Repeat precisely the span of lines below that opens with the line containing "Kathmandu Mountainbike Tour, Kathmandu" and closes with the line containing "Ancona Super Lux", both included.
======== Input data
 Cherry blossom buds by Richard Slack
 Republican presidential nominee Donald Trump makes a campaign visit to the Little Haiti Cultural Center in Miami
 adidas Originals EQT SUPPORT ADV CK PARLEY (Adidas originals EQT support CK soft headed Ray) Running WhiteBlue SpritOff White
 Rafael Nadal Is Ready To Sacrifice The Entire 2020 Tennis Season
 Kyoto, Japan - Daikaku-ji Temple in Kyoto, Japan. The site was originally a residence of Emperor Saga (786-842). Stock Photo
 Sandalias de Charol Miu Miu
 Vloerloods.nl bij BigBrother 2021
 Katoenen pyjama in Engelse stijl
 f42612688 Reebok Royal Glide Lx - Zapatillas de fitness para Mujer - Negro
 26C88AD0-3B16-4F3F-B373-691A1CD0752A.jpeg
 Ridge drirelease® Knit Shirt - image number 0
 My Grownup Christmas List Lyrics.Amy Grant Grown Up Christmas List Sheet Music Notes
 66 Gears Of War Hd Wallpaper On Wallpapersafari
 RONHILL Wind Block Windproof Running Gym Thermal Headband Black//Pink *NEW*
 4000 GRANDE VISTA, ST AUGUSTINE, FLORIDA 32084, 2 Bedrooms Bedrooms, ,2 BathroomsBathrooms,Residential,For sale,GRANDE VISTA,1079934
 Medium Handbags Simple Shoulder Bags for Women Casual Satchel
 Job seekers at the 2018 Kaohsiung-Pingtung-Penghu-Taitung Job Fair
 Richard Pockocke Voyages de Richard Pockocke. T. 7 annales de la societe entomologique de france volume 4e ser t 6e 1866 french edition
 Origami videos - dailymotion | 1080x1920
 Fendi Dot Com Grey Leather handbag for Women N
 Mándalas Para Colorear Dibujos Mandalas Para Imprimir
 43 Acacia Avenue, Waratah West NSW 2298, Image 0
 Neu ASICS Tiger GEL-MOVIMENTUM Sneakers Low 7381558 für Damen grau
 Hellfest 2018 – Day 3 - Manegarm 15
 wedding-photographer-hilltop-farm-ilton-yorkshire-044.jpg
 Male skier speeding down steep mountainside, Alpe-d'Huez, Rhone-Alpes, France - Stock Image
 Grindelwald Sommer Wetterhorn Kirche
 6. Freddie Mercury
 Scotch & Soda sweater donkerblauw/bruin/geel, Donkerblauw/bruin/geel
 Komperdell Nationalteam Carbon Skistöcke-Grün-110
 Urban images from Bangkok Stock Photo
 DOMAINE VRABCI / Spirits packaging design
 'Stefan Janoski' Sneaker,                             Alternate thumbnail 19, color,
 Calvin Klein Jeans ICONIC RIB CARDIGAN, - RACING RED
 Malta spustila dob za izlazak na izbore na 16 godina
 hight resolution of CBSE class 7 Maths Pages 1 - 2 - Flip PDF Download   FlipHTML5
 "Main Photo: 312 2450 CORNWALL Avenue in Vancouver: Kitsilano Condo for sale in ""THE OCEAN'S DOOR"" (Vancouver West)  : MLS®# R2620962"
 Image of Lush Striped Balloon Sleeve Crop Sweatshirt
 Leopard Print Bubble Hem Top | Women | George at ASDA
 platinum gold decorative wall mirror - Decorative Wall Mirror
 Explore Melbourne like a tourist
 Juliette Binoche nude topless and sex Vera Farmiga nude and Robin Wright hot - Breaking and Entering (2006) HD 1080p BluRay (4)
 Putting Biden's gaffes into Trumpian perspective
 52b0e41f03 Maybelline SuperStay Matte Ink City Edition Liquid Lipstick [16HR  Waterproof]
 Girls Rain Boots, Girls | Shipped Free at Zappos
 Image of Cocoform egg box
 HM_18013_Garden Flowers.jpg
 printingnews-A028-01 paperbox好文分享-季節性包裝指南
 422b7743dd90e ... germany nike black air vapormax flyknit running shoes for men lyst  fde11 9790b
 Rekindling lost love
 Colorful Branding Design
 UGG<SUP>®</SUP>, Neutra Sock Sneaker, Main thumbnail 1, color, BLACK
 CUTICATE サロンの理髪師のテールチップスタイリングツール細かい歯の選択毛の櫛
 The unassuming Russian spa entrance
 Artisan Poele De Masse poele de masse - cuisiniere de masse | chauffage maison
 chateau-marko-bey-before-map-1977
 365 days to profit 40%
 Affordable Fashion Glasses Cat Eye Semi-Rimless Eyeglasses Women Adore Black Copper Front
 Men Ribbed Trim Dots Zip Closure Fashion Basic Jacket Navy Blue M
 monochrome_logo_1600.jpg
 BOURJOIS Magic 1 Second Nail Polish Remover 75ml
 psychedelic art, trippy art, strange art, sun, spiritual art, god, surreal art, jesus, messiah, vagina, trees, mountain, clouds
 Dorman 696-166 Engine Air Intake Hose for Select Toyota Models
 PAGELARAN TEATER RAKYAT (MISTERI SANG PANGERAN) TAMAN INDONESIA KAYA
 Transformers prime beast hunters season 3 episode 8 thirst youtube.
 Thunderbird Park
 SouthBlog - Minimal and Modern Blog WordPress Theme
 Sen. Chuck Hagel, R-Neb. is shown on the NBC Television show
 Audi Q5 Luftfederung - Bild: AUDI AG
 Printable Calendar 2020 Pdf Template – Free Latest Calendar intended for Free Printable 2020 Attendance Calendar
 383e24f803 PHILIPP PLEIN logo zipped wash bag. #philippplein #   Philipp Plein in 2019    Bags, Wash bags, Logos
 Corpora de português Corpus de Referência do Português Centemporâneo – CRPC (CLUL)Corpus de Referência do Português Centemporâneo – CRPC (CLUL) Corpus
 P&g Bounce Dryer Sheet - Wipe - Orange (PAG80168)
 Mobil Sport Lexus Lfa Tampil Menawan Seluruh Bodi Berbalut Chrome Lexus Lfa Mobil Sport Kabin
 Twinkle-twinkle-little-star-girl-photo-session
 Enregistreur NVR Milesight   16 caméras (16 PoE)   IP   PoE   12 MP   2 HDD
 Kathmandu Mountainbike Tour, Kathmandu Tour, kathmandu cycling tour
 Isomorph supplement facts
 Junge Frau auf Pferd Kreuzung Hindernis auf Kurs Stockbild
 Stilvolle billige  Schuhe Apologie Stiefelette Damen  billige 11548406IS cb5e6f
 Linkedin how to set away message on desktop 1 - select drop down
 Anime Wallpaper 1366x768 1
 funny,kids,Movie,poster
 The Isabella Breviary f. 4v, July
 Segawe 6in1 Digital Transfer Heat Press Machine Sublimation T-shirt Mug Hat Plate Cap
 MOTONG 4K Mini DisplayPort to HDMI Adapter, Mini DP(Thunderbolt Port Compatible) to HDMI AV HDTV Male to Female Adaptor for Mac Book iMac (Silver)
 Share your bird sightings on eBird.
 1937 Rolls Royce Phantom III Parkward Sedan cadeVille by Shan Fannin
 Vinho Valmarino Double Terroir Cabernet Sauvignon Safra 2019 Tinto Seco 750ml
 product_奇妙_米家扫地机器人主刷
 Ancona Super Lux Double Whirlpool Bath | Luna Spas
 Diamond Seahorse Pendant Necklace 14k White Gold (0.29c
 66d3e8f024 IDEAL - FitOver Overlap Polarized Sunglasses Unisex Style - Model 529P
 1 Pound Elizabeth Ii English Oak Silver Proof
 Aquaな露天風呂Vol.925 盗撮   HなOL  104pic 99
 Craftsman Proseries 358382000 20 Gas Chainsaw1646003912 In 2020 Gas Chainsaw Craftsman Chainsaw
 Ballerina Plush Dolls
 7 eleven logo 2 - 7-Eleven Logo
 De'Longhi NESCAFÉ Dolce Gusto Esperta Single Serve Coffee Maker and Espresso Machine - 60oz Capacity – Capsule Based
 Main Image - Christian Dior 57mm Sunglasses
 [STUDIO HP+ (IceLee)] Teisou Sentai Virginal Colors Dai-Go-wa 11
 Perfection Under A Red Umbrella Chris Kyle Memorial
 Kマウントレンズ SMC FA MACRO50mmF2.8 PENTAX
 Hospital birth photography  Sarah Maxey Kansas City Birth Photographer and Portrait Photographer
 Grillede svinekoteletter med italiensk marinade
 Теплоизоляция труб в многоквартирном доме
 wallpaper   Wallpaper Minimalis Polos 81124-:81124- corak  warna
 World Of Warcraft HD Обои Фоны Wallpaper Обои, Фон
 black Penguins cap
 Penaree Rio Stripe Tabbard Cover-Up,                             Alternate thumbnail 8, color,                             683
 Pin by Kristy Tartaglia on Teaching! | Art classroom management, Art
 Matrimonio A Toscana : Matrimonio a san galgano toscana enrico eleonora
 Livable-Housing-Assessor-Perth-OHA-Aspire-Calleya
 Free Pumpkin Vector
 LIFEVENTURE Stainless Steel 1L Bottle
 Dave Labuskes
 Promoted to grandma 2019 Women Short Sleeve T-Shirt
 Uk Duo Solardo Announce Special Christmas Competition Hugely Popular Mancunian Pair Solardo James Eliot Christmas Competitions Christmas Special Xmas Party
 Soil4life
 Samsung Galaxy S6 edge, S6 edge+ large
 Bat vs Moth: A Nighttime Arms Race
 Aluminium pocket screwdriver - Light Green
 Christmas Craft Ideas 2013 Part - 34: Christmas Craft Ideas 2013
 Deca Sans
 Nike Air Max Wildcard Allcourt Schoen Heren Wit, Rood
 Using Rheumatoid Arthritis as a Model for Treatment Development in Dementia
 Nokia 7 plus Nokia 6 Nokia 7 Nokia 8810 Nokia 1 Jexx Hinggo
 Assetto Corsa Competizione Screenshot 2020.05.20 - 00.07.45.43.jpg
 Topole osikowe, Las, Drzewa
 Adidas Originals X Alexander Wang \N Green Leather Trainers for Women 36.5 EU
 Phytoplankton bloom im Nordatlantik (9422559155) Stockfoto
================
Solution:
 Kathmandu Mountainbike Tour, Kathmandu Tour, kathmandu cycling tour
 Isomorph supplement facts
 Junge Frau auf Pferd Kreuzung Hindernis auf Kurs Stockbild
 Stilvolle billige  Schuhe Apologie Stiefelette Damen  billige 11548406IS cb5e6f
 Linkedin how to set away message on desktop 1 - select drop down
 Anime Wallpaper 1366x768 1
 funny,kids,Movie,poster
 The Isabella Breviary f. 4v, July
 Segawe 6in1 Digital Transfer Heat Press Machine Sublimation T-shirt Mug Hat Plate Cap
 MOTONG 4K Mini DisplayPort to HDMI Adapter, Mini DP(Thunderbolt Port Compatible) to HDMI AV HDTV Male to Female Adaptor for Mac Book iMac (Silver)
 Share your bird sightings on eBird.
 1937 Rolls Royce Phantom III Parkward Sedan cadeVille by Shan Fannin
 Vinho Valmarino Double Terroir Cabernet Sauvignon Safra 2019 Tinto Seco 750ml
 product_奇妙_米家扫地机器人主刷
 Ancona Super Lux Double Whirlpool Bath | Luna Spas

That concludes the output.